The economic shutdown and transportation revenue

The economic shutdown and transportation revenue
Even though I-976 has been invalidated, the state still faces a revenue drop from most of its funding sources due to the economic shutdown in response to the COVID-19 pandemic. Photo: freepik.com

Prior to its defeat via a State Supreme Court decision, Initiative 976 would have reduced Washington State Department of Transportation (WSDOT) revenue by $421 million for the current 2019-21 biennium. Though the initiative has been declared void, the state is still facing an even greater revenue loss from its funding sources due to the economic shutdown in response to the COVID-19 pandemic.
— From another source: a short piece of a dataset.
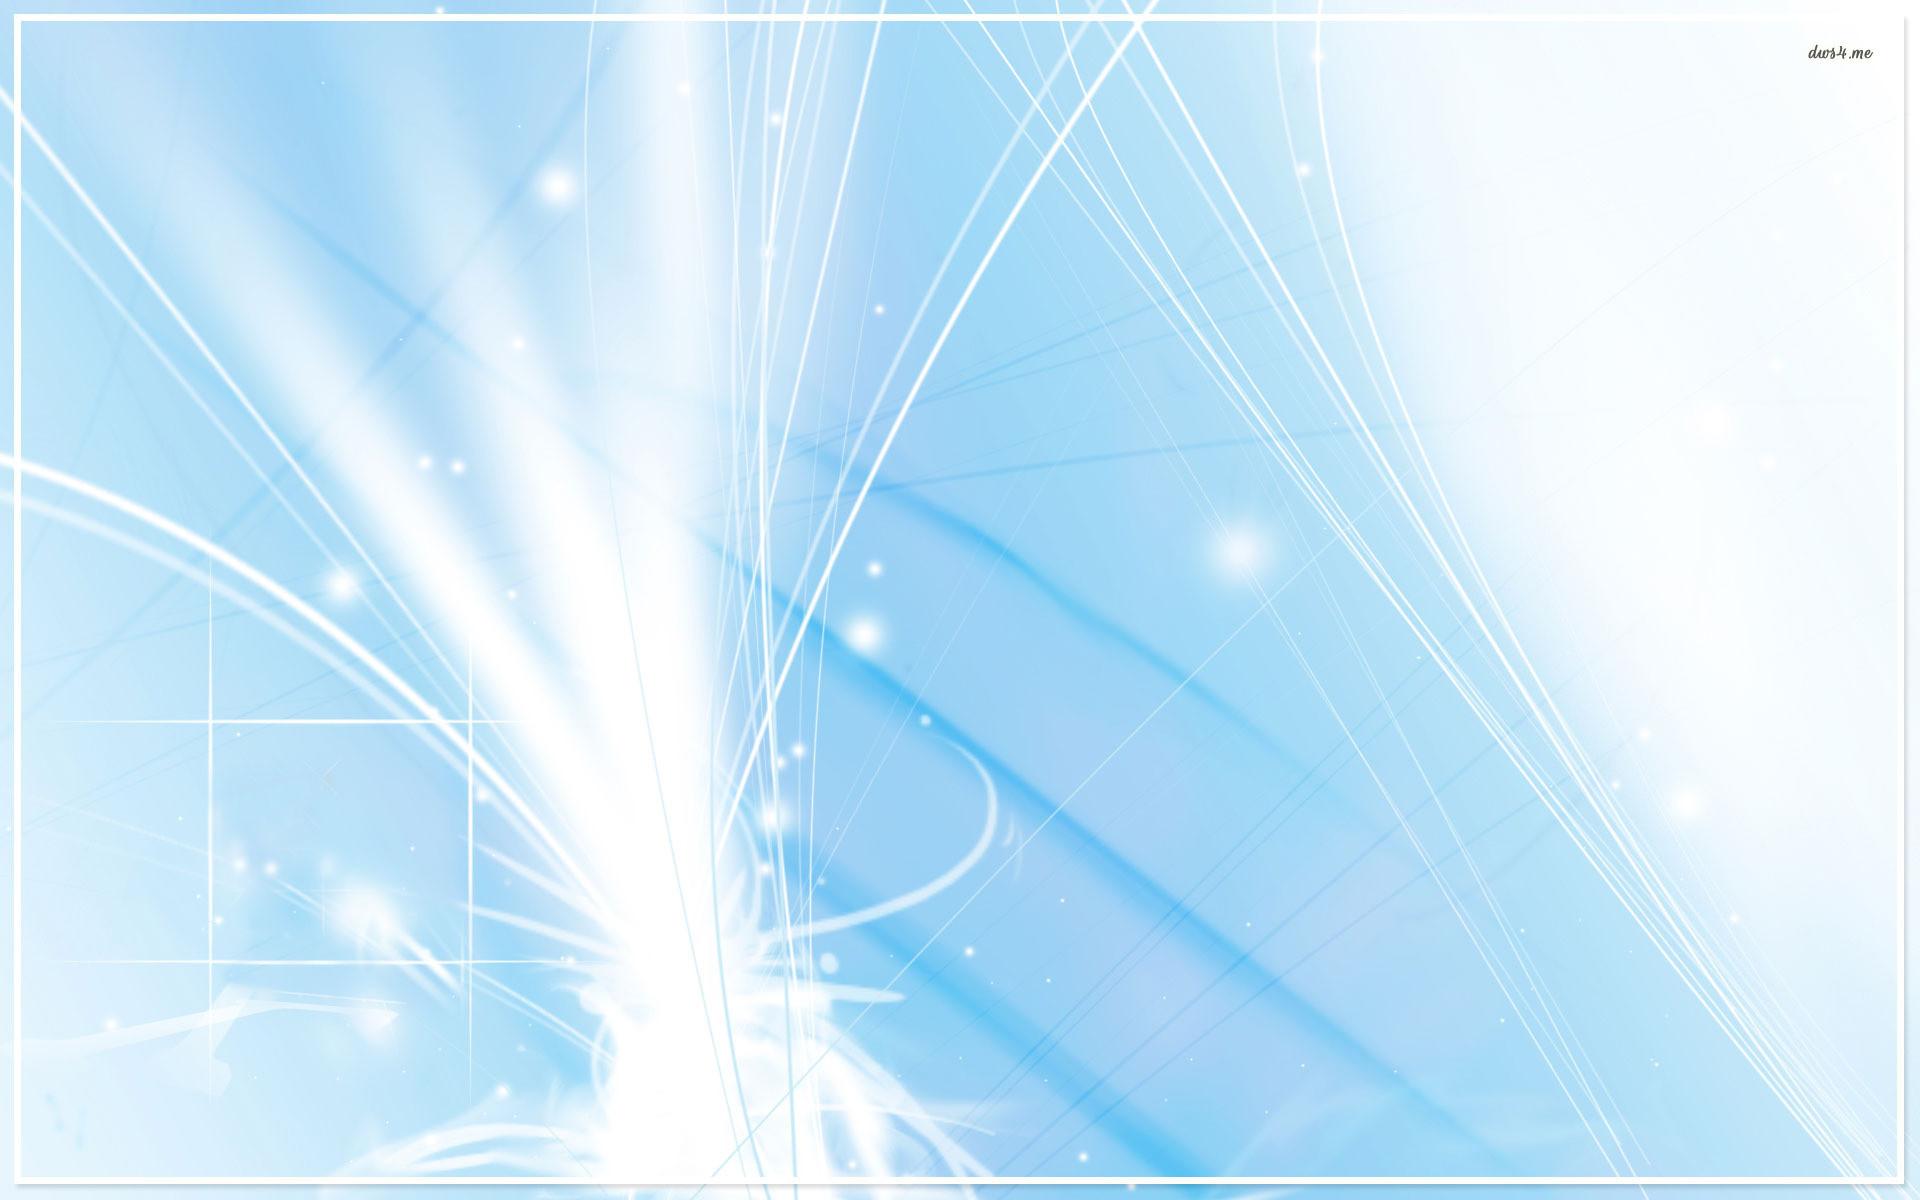 Light Blue Spirals Wallpaper – Abstract Wallpapers – #3348
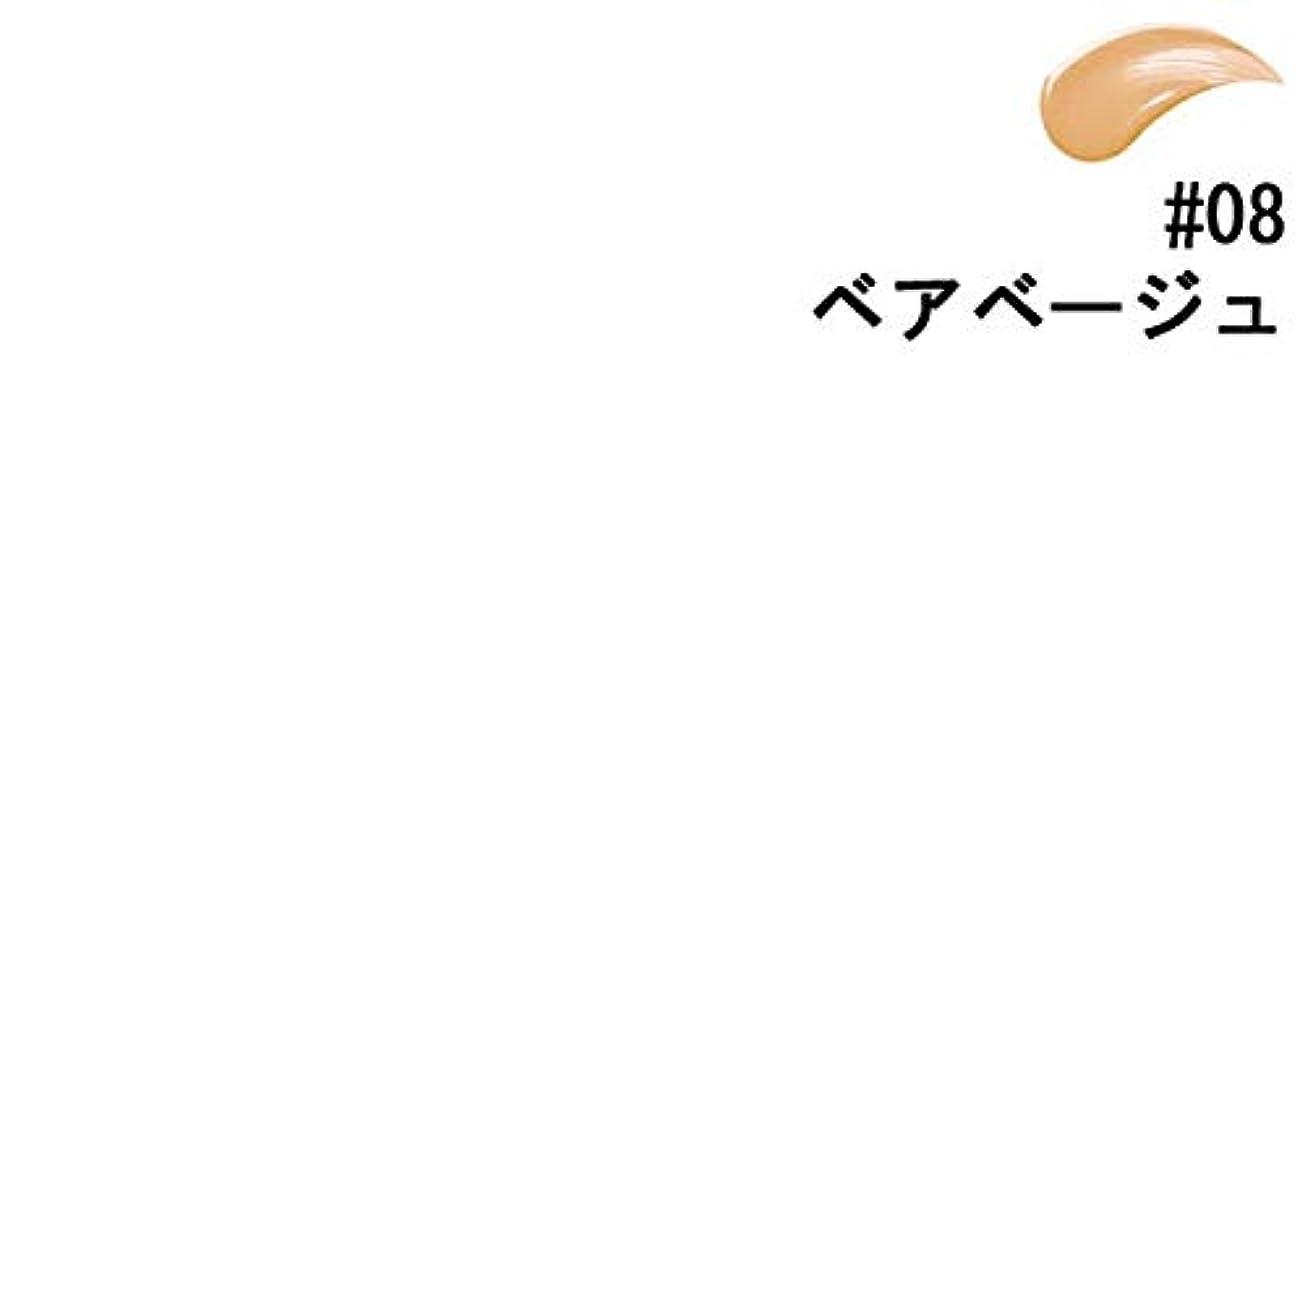 戦争組み立てる楽観【ベアミネラル】ベアミネラル ベア ファンデーション #08 ベアベージュ 30ml [並行輸入品]

Compared to 2017-19, total revenue for the current biennium is expected to decrease as follows:

  • From $3.6 billion to $3.4 billion in gas tax revenue;
  • From $426 million to $375 million in tolling revenue;
  • From $400 million to $329 million in ferry service revenue; and
  • From $1.5 billion to $1.17 billion in vehicle licenses, permits and fee revenue.

In addition to a current 10 percent decrease in overall state highway traffic levels – compared to 22 percent in May – WSDOT is also reporting a 36 percent decrease in toll facility uses, a 37 percent drop in ferry ridership, and a staggering 91 percent reduction in passenger rail use compared to the same time period in 2019.

Annual total miles driven aren’t expected to reach what WSDOT originally forecasted in 2019 for those years until 2038, though both driving and gas tax revenue is expected to increase in the next biennium.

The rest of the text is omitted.